There are many evaluations of one-shotting working video games.  This evaluation is about how well the AI handles all the follow up edits, because that is a better test of understanding.  

After you dial up the context window, Qwen 3.6 is better than ChatGPT.

If you have 32 GB of RAM, you can run it.

Curious if this applies to other domains that are not as easy to test, or did the Qwen team just do a really good job fine tuning this on video games after seeing game development as a trending AI test.  Watching Gemma 4 vs Qwen 3.5 tests, it's clear the ability to one-shot anything resembling a working game is new for any model this small.

Limited testing is already suggesting the 35 billion parameter model is outperforming the 122 billion parameter model.  This is further proof that intelligence is going to be small, distributed, able to run on garbage hardware, and impossible to embargo, or monopolize.  This will not be winner take all network effects of social media.  This will not generate super normal profit for anyone but a few Nvidia/Google types who already have healthy moats and margins of physical scale, and a tech lead that doesn't depend on IP law.  Anyone still dependent on those types will at best become a hot restaurant with immediately jacked up rents that leave the proprietor at subsistence remuneration.

Ollama is probably the easiest way to run open source AI on your own computer.  Its biggest gotcha, is a default context window of 4k which effectively lobotomizes it without being obvious.  The model was "self aware" enough to answer why it was generating clearly incomplete files when asked,  but fixing persistently it in Ollama required making a new modelfile, and new model.  But once you change it, you can reliably edit, and add to an existing code base.

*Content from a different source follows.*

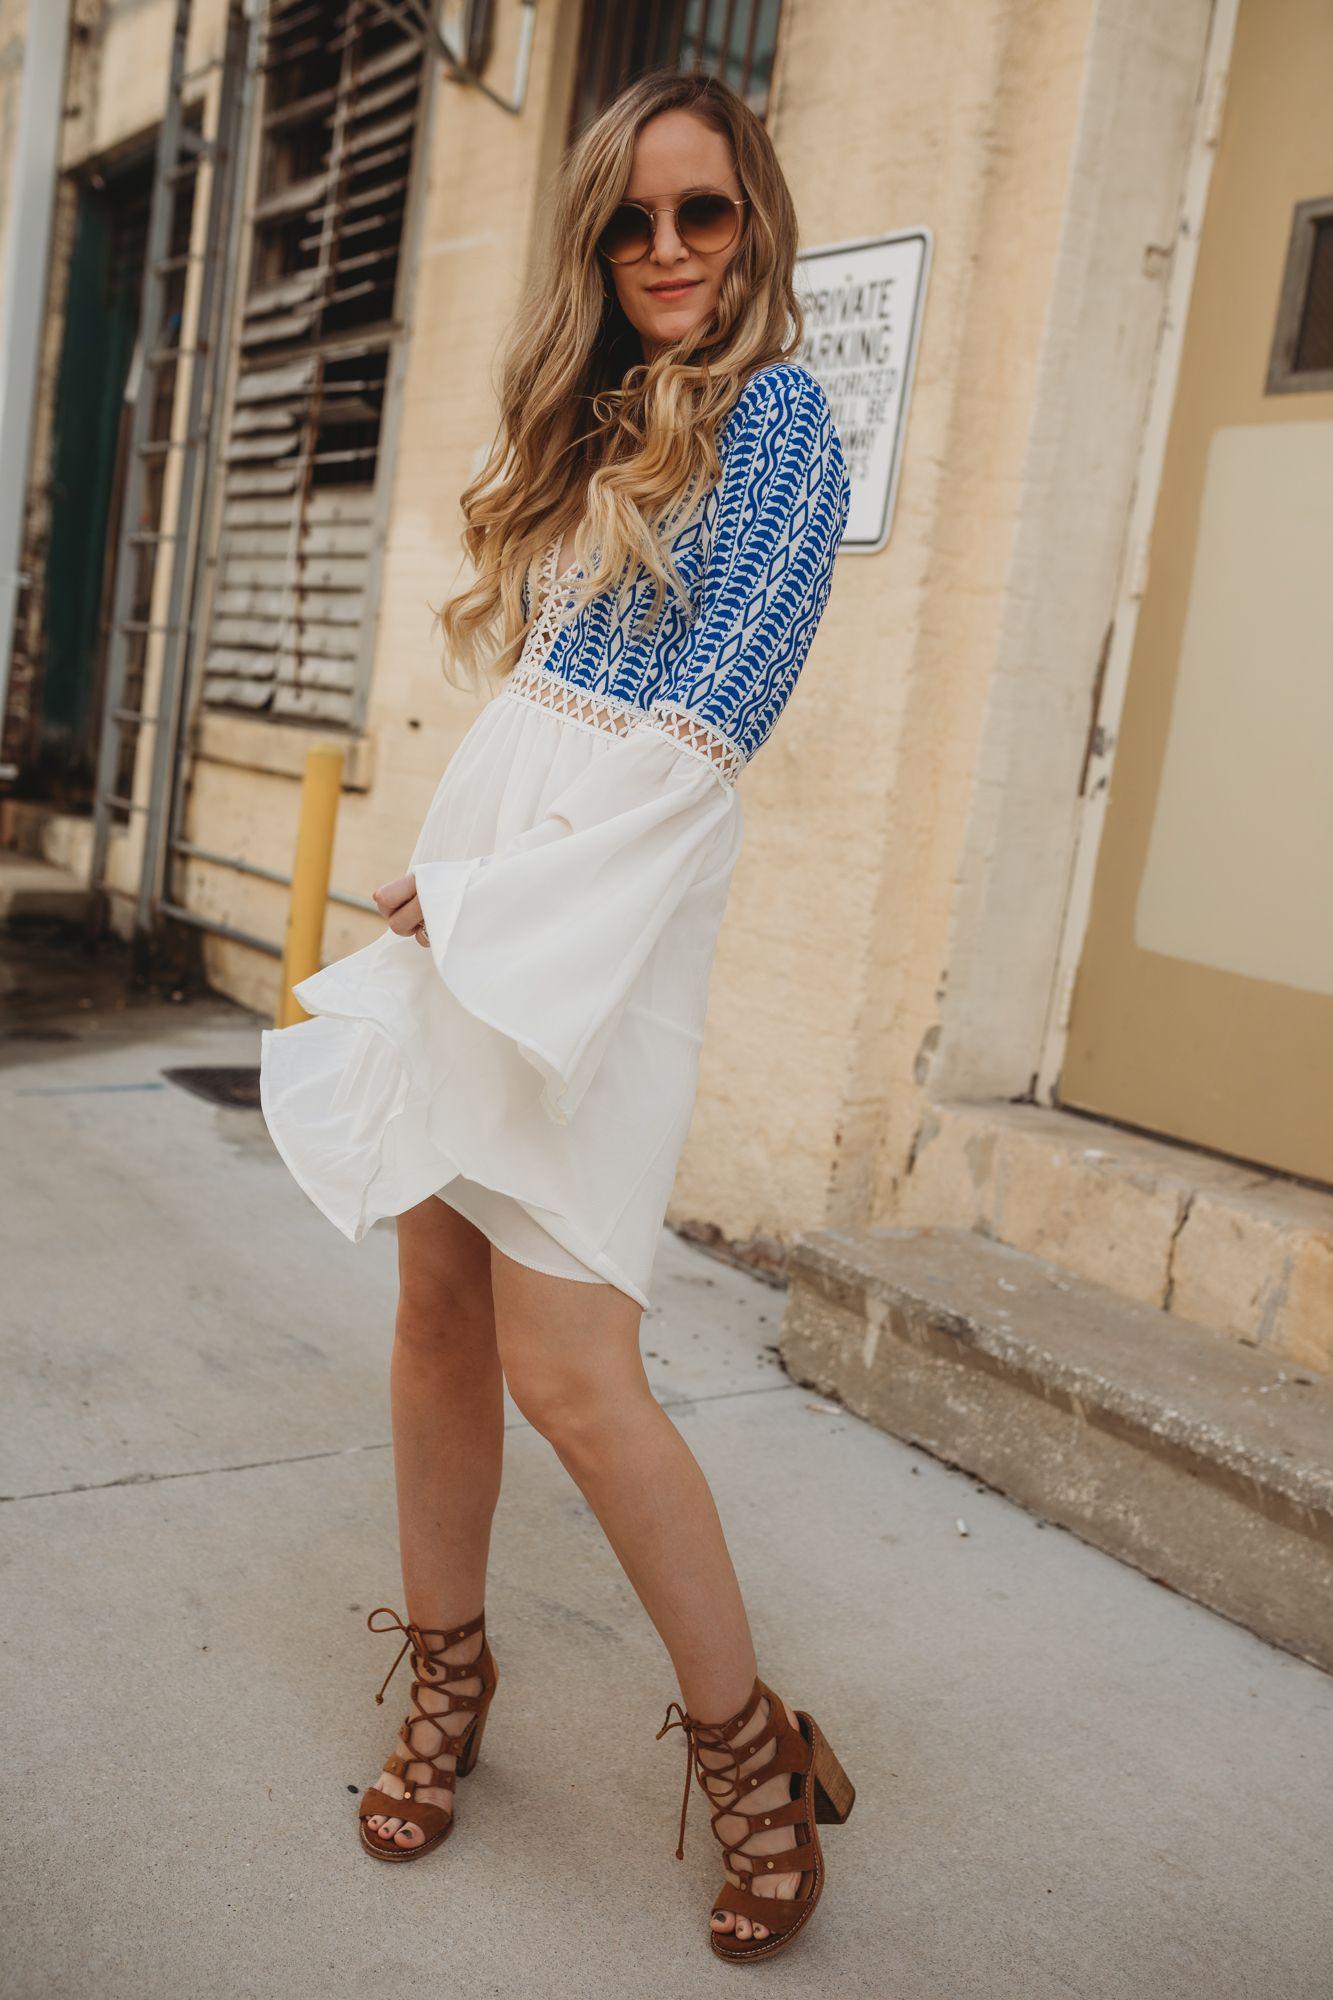 Boho summer outfit upbeat soles orlando florida

The main performance hit appears to show up in response times almost doubling every turn, as the entire conversation gets reprocessed every turn.  For an example like this, continually editing 500-1000 lines of code, version 1 takes an hour to finish, version 5 takes six hours to finish.  It looks like you're often better off starting a new conversation for each feature request, or bug fix, certainly in response time, possibly on response quality as well.

Racer game made entirely with Qwen.  Started with 3.5 122b, until turn five failed to fix a restart button requiring "loop();" at the end of the restart function.  Fixed with 3.6 35b, along with a few suggestions, and a difficult level 3.  3.6 turn one was a copy paste request to fix the RACE AGAIN button.  It generated a working snippet to show where to place loop.  Turn two was telling it the fix worked, and asking for "any other suggestions" to which it gave a few, including a pause system with P, a screen shake on crash, persistent high scores, mobile touch controls, and some non obvious code cleanups in snippet form.  I was unable to paste its snippets into the existing code, get anything to work, so I told it that on turn three, and asked for a complete .html which it generated, while shrinking lines of code from 608 to 574, and growing to file size from 18.9 to 19.9 kB.  Turn four asked for a Level 3.

Context Window is a control knob ChatGPT, Grok, Gemini, and Claude use to turn up, and down compute resources.  The details are a bit of a mystery, but it is becoming common knowledge that all the hosted models use some equivalent of rolling brownouts that feel like rolling lobotomies to manage peak demand.  At the free tier level, ChatGPT, and Gemini are unable to coherently edit a bare minimum game framework.  Asking for one thing, loses another, or sometimes several.  Forward progress in a coherent environment is impossible.  ChatGPT burns tokens talking up "visual enhancements" that transform squares into rectangles.  Grok appeared capable, consistent, and coherent for fourteen turns, and hit a wall of not being able to fix a win screen after seemingly infinite attempts.  Starting a new Grok conversation with the most recent working version, and asking for the fix did not work.  

For the time being, if I had to pick a tool to hammer out a complete working game of roughly 8 bit Nintendo Quality, it would be Qwen 3.6.